Of course, everyone kept telling me how sorry for me they were and giving me tips on how to get out of it. But honestly, I didn’t want to. Besides that, I would have had to lie and say that I couldn’t be fair or impartial and I didn’t feel right doing that. I knew that if I was chosen to be on this jury, my life during the duration of the trial would be difficult. There is no one to do my work but me and it still needs to be done even if I’m not in the office. So I was prepared to work early, late and during breaks to still get it all done… that is if I was selected.

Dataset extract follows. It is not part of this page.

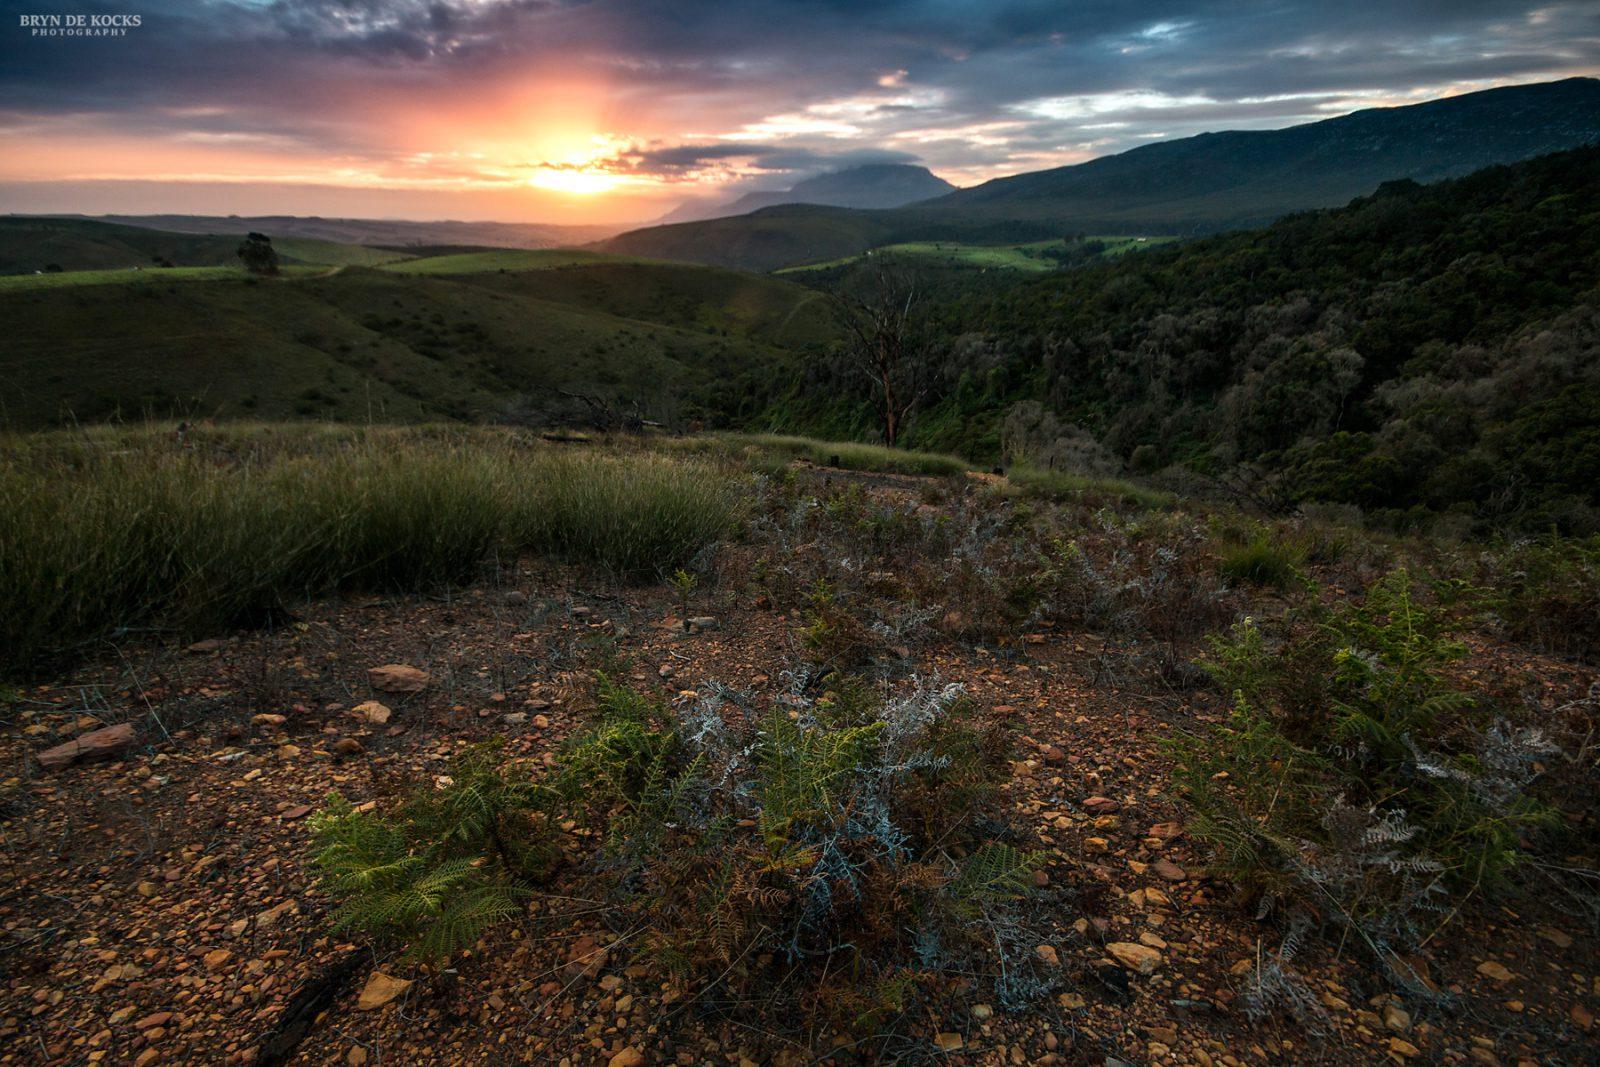 sunset-landscape-grootvadersbosch

We came back the following day and the questioning began again. More people from the box were excused as replacements filled their seats. While I was still seated in the audience, the jury of 12 was selected and sworn in. I was disappointed. A few minutes later, two of the nine alternates were excused and my name was called to fill one of the seats. At this point, the judge only asked if we had any issues or comments to any of the questions asked the previous potential jurors. I only had one “experience” to tell, which wasn’t really an experience but just knowing of someone who had been convicted of a sex crime. The judge and attorney’s left the room for a few minutes and came back and called three names. One of which was mine. The rest were excused. We were sworn in and then excused for the day. We were to return the following morning for the trial to officially begin.
The following morning, the prosecution and defense gave their opening arguments. I won’t go into complete detail of the evidence in this blog as it is not something that many people really want to hear. However, if you would like to hear more, I’m not opposed to talking about it. I will only give brief details and the rest will be my thoughts and feelings on the subject. Since I cannot talk to anyone about what is going through my mind, it is best that I just write it down. I suppose I should have started this “journal” the day the trial started, but I didn’t think of it. We are not supposed to come to any conclusions or lean one way or the other until all the evidence has been given so I will do my best to keep judgment for the end of trial.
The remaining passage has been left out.